= Aphek (biblical) =

Biblical place

The name Aphek or Aphec refers to one of several locations mentioned in the Hebrew Bible as the scenes of a number of battles between the Israelites and the Arameans and Philistines:

- Most famously, a town near which one or more rulers of Damascus named Ben-hadad were defeated by the Israelites and in which the Damascene king and his surviving soldiers found a safe place of retreat (). Just before his death, the prophet Elisha predicted:
"The arrow of the Lord's deliverance and the arrow of deliverance from Syria; for you must strike the Syrians at Aphek till you have destroyed them.

- A place at which the Bible states that the Philistines had encamped, while the Israelites pitched in Eben-Ezer, before the Battle of Aphek in which the sons of Eli were killed (I Samuel 4:1–ff.)
- A city of the Tribe of Issachar, near to Jezreel, in the north of the Sharon plain. The scene of another encampment of the Philistines, which led to the defeat and death of Saul.
- Aphik, a city of the tribe of Asher, identified as either Tel Afek near Haifa, or Afqa in Lebanon.

==Location==
===Golan or eastern shore of the Sea of Galilee===
After the turn of the 20th century the predominant opinion was that the location of all these battles is one and the same, and that the town lay east of the Jordan. Initially it was thought that the name is preserved in the now depopulated village of Fiq near Kibbutz Afik, three miles east of the Sea of Galilee, where an ancient mound, Tell Soreg, had been identified. Excavations by Moshe Kochavi and Pirhiya Beck in 1987–1988 have indeed discovered a fortified ninth- and eighth-century BCE settlement, probably Aramean, but Kochavi considered it to be too small to serve the role ascribed to Aphek in the Bible.
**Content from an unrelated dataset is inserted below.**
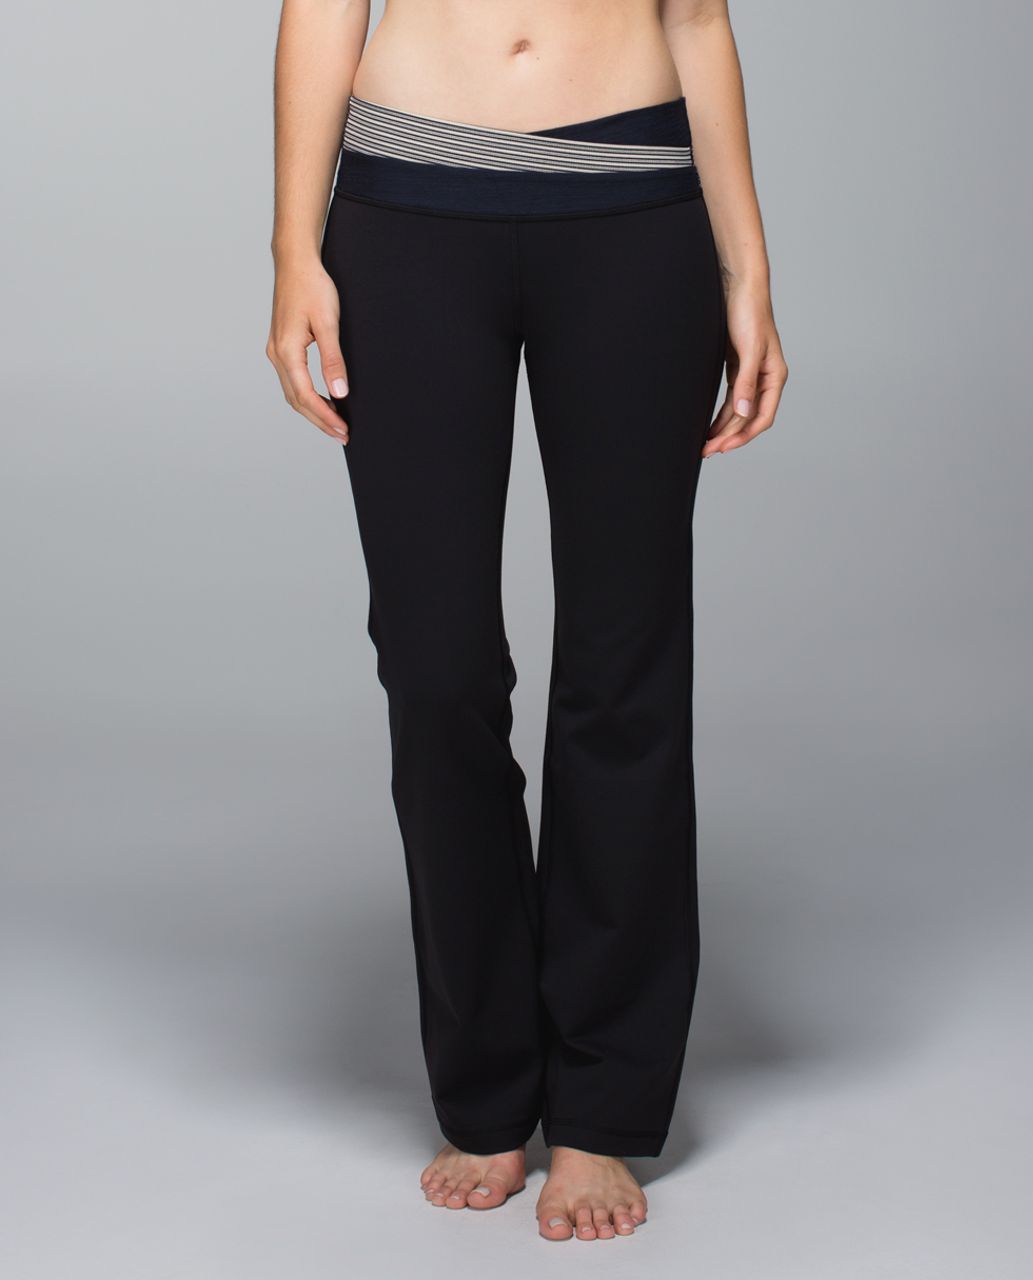 Lululemon Astro Pant (Regular) - Black Swan / Sweater Knit Print

The site most favoured now by the archaeologists is Tel 'En Gev/Khirbet el-'Asheq, a mound located within Kibbutz Ein Gev.
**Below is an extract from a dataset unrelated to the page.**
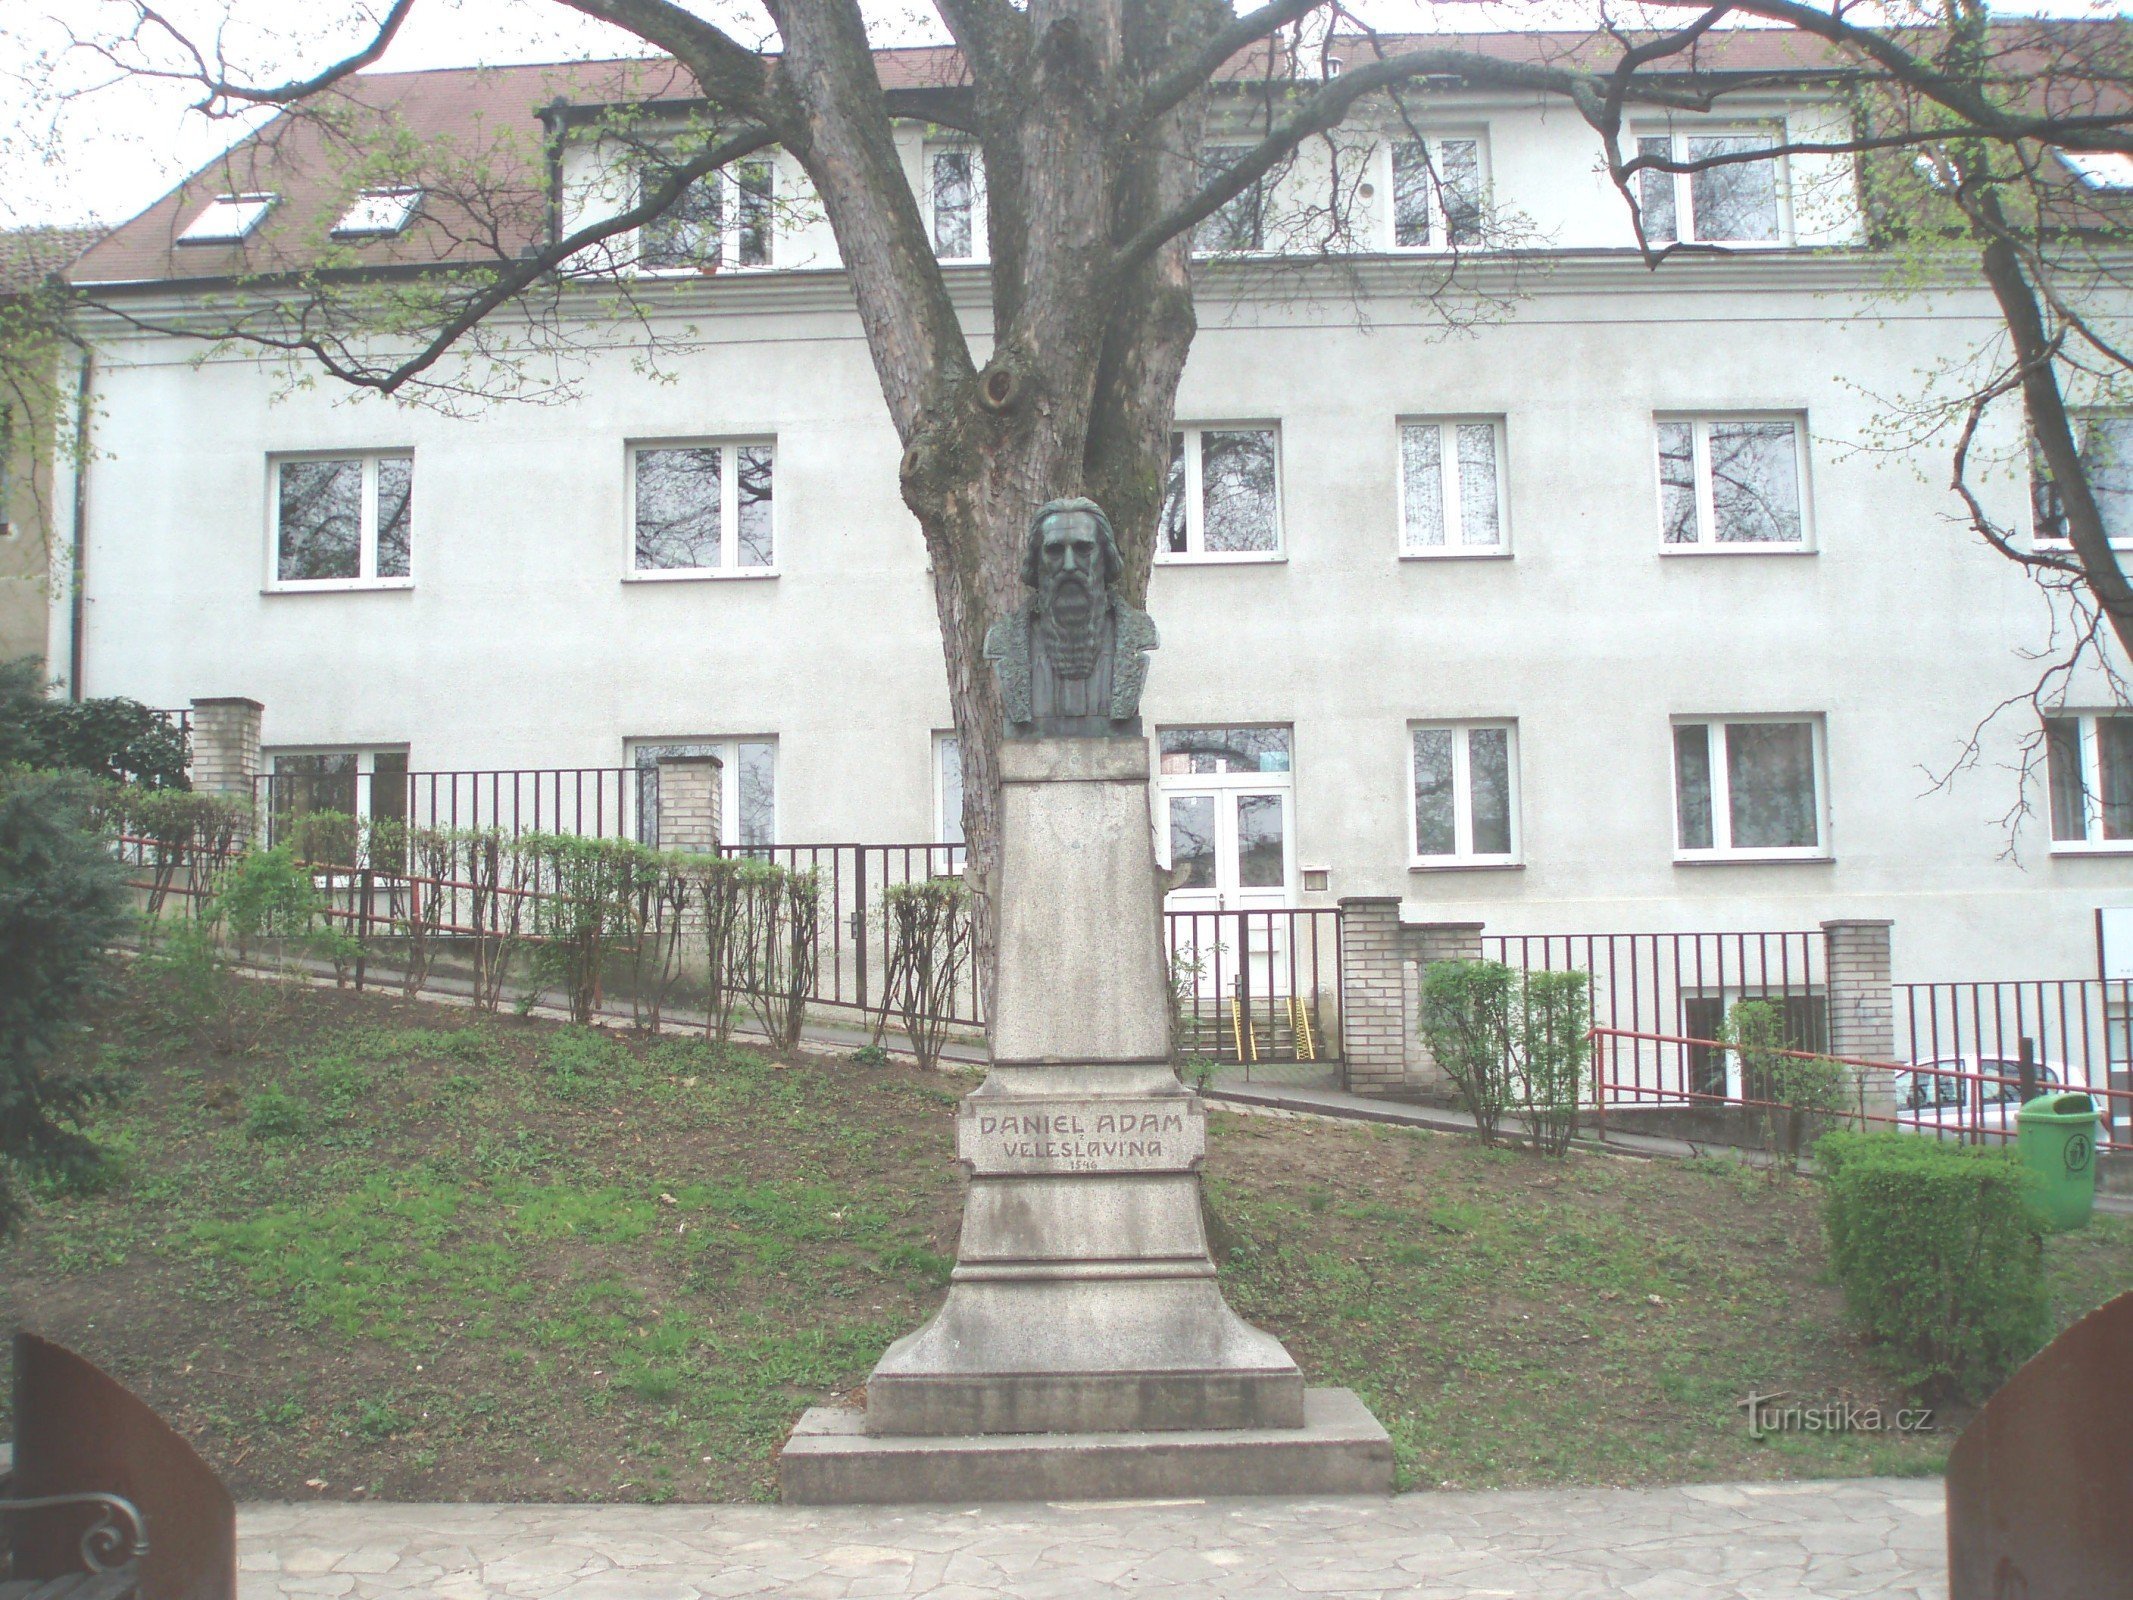 Monumento a Daniel Adam de Veleslavín

A more recent theory has focused on regarding this same Aphek also as the scene of the two battles against the Philistines mentioned by the Bible - the supposition being that the Syrians were invading Israel from the western side, which was their most vulnerable.

===Judaean hills===
Since most scholars agree that there were more than one Aphek, C.R. Conder identified the Aphek of Eben-Ezer with a ruin (khirbet) some 6 km distant from Dayr Aban (believed to be Eben-Ezer), and known by the name Marj al-Fikiya; the name al-Fikiya being an Arabic corruption of Aphek. Eusebius, when writing about Eben-ezer in his Onomasticon, says that it is "the place from which the Gentiles seized the Ark, between Jerusalem and Ascalon, near the village of Bethsamys (Beit Shemesh)," a locale that corresponds with Conder's identification.